Nikolaj Winther Hansen,James Luke Webb,Luca Troise,Christoffer Olsson,Leo Tomasevic,Ovidiu Brinza,Jocelyn Achard,Robert Staacke,Michael Kieschnick,Jan Meijer,Axel Thielscher,Hartwig Roman Siebner,Kirstine Berg-Sørensen,Jean-François Perrier,Alexander Huck & Ulrik Lund Andersen
Scientific Reports  Published:31 July 2023
DOI:https://doi.org/10.1038/s41598-023-39539-y

ダイヤモンド量子センサーがニューロンの活動を測定(Diamond quantum sensors measure neuron activity)

Abstract

Quantum sensors using solid state qubits have demonstrated outstanding sensitivity, beyond that possible using classical devices.

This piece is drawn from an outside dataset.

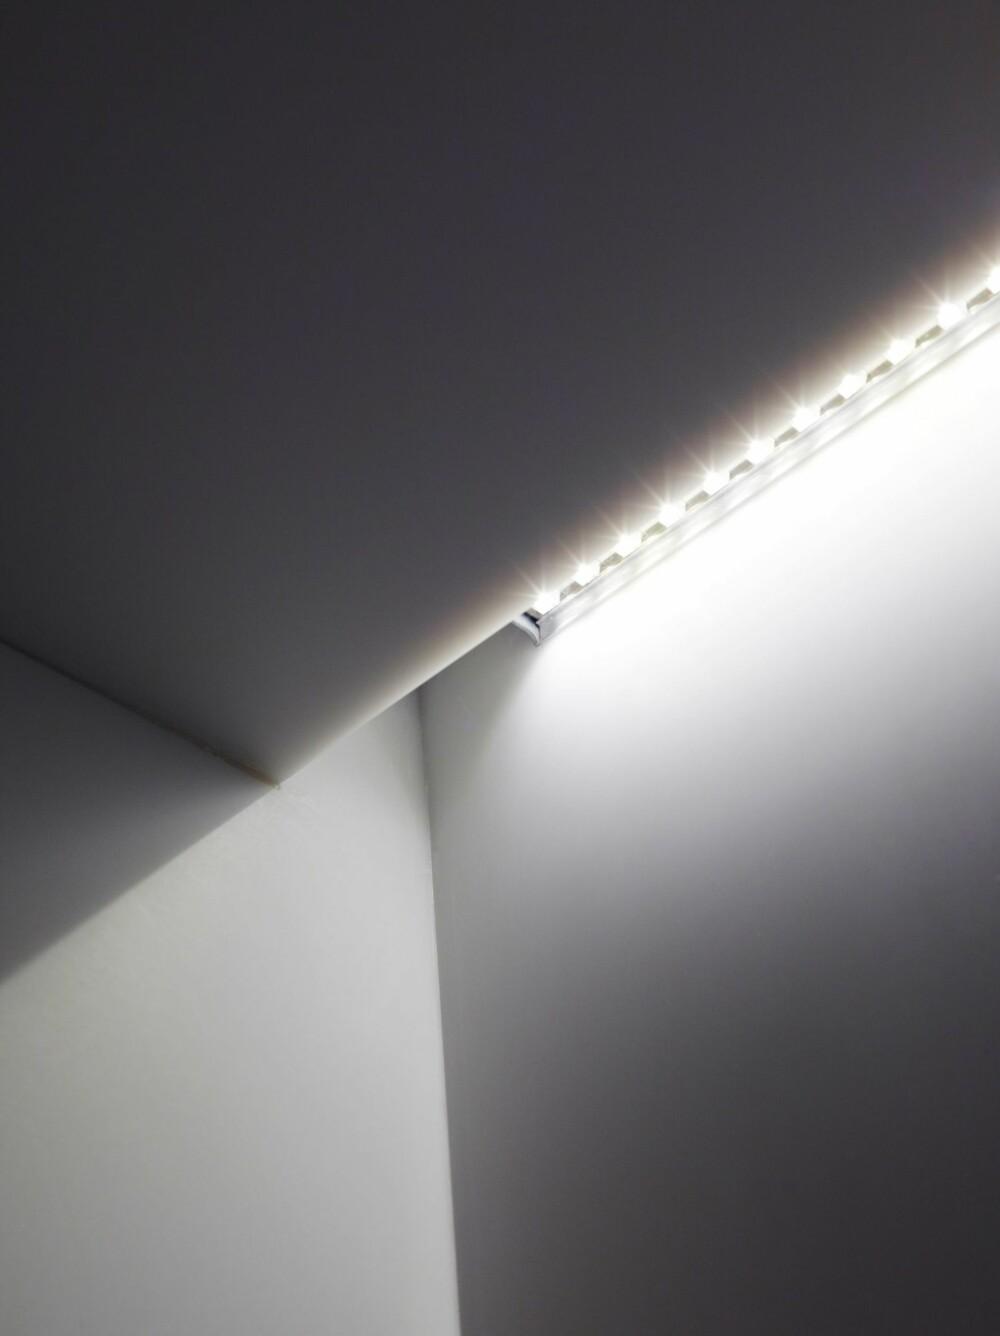 GOD BELYSNING: Dette 3,5 kvm store rommet er uten vinduer. God belysning er desto viktigere. Ledlisten som er skjult oppunder overskapene sørger for gode arbeidsforhold ved benken. Prosjektet er ved arkitekt Henrik Nømm, a-tract.no.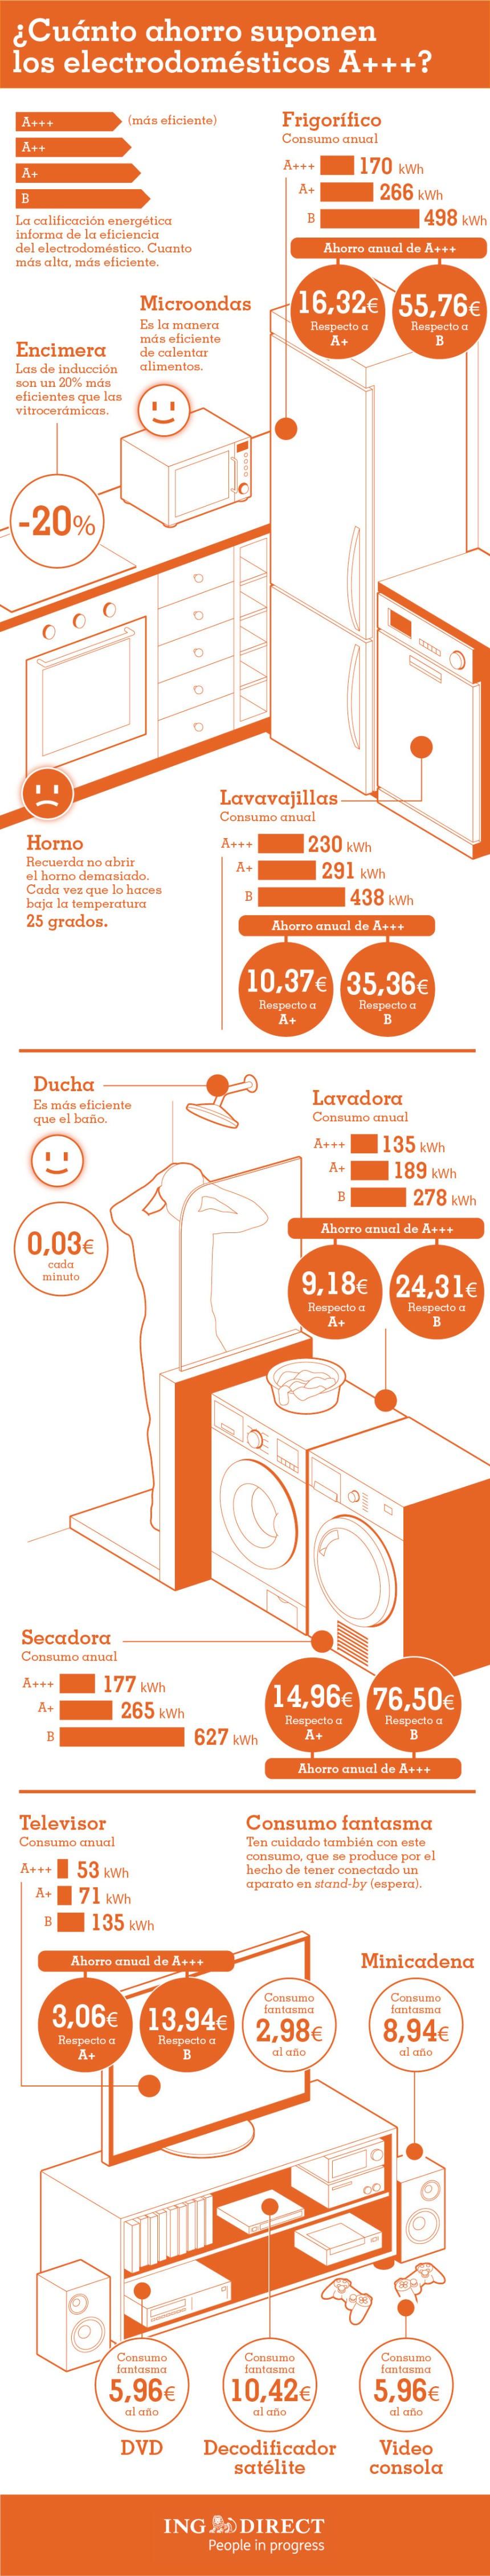 Qué ahorro suponen los electrodomésticos A+++

In particular, those based on colour centres in diamond have demonstrated high sensitivity to magnetic field through exploiting the field-dependent emission of fluorescence under coherent control using microwaves. Given the highly biocompatible nature of diamond, sensing from biological samples is a key interdisciplinary application. In particular, the microscopic-scale study of living systems can be possible through recording of temperature and biomagnetic field. In this work, we use such a quantum sensor to demonstrate such microscopic-scale recording of electrical activity from neurons in fragile living brain tissue. By recording weak magnetic field induced by ionic currents in mouse corpus callosum axons, we accurately recover signals from neuronal action potential propagation while demonstrating in situ pharmacology. Our sensor allows recording of the electrical activity in neural circuits, disruption of which can shed light on the mechanisms of disease emergence. Unlike existing techniques for recording activity, which can require potentially damaging direct interaction, our sensing is entirely passive and remote from the sample. Our results open a promising new avenue for the microscopic recording of neuronal signals, offering the eventual prospect of microscopic imaging of electrical activity in the living mammalian brain.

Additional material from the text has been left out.